Saturday, May 07, 2016

Tribute to my mom


With people posting pictures of their moms on Facebook, I wish I had good pictures of my mom. I do have a few but they are not digitalized. She died too soon for that. Besides, she always said she took such a bad picture that her father told her the only place he’d hang it was in the barn. I inherited that from her.
The other things I inherited are her love of cooking, food, family and laughter. I’m sure I missed that indefinable quality that made many describe her as the most dignified and ladylike woman they knew. With a degree from the University of Chicago and a background as secretary to Robert Maynard Hutchins, chancellor of the university and founder of the Great Books program, she probably could have had any kind of career. But she was a ‘50s housewife who kept home and family together, supported my father in all his efforts, and satisfied her own ambition with volunteer work.
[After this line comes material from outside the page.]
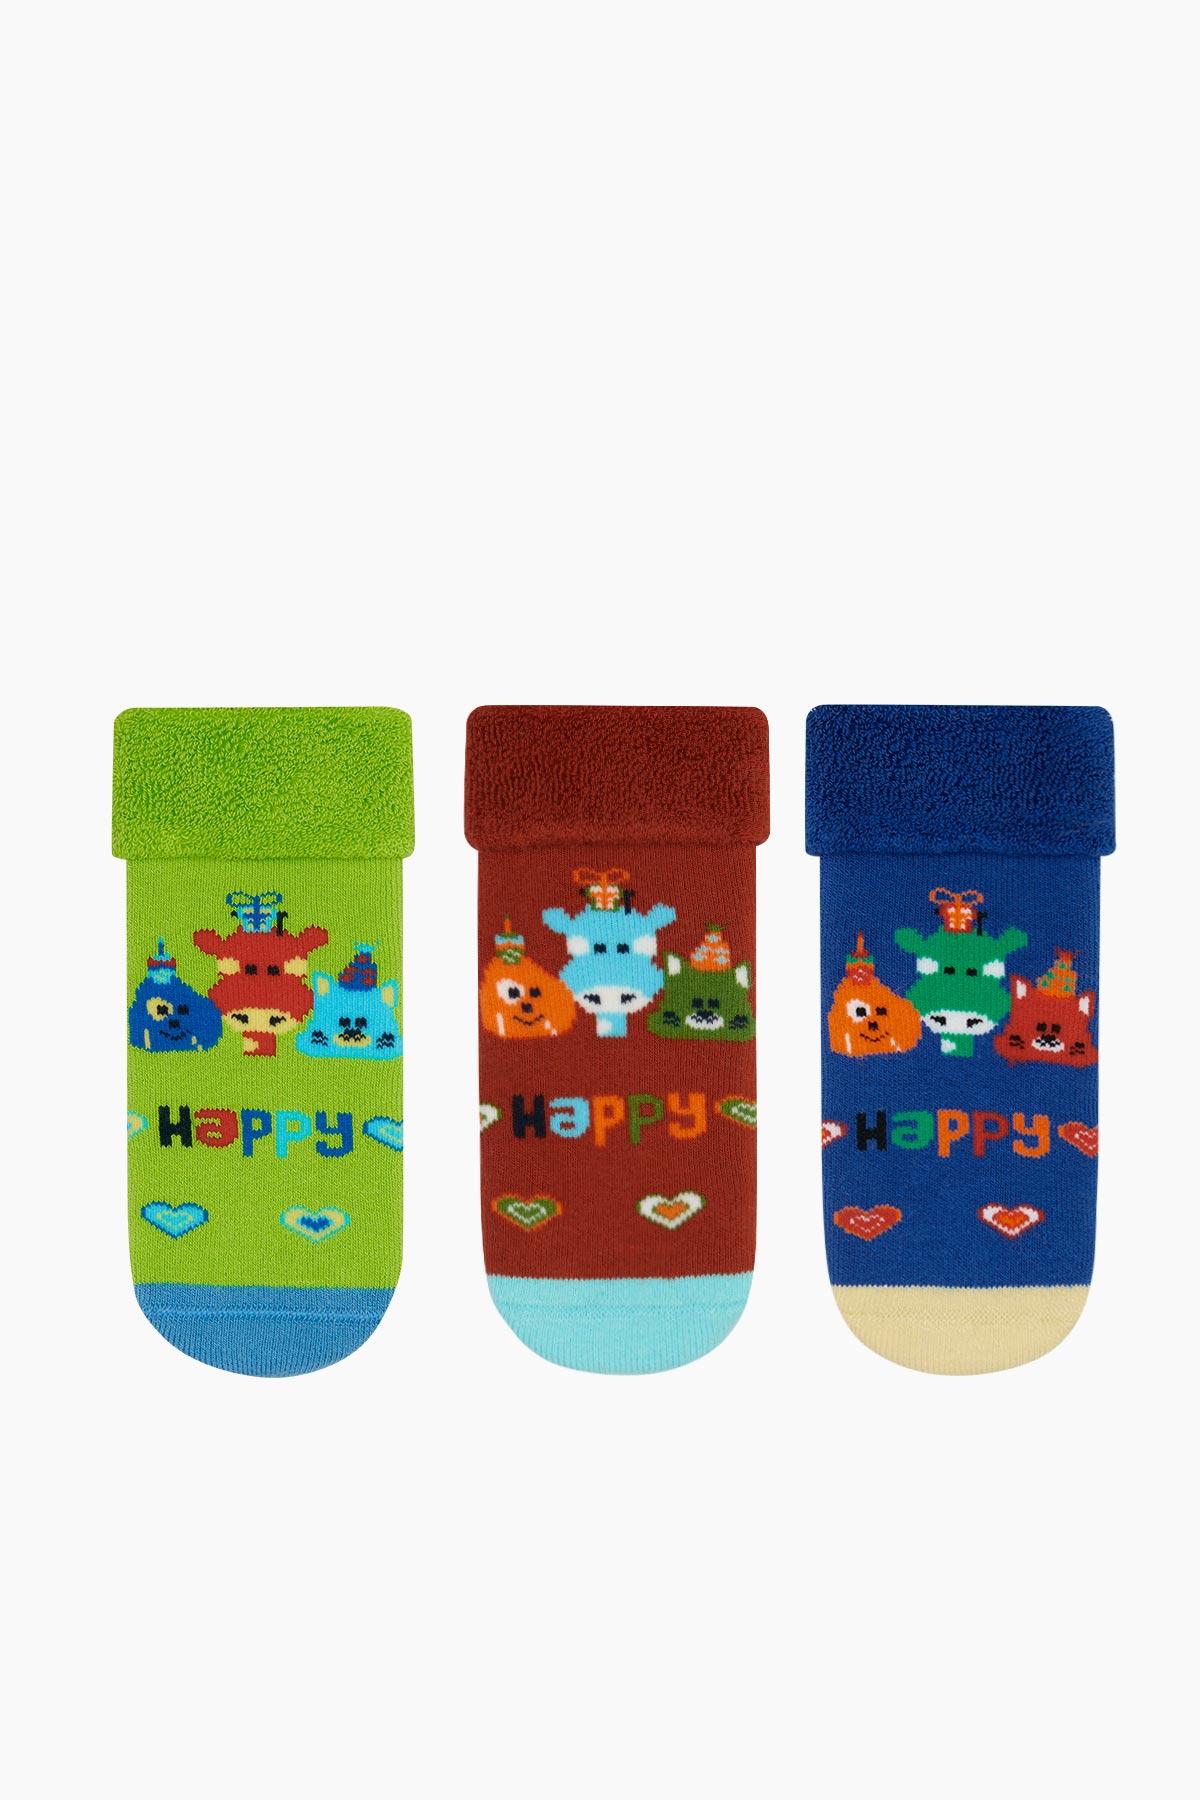 Bross - Bross 3-Pack Happy Patterned Towel Baby Socks

Mom taught me to cook. Once one of her friends came in when another girl and I had made a mess of the kitchen. “How,” the friend asked, “can you let them do this?” Mom’s reply? “If I don’t, they’ll never learn to cook.” Another time I carefully followed a recipe for devil’s food cake. When they tasted it, Mom and Dad exchanged long looks. “Judy, how much baking soda did you put in this?” “Nine teaspoons,” I told her proudly. She checked—and it was a typo in the recipe. I had followed it to the letter but wasn’t quite smart enough to realize that nine teaspoons would be wrong. Some of my best memories, though, are of cooking with her. To my father’s frequent dismay, she loved to experiment. He was a meat-and-potatoes man and steadfastly ordered roast beef when she dragged him to seafood restaurants on the East Coast.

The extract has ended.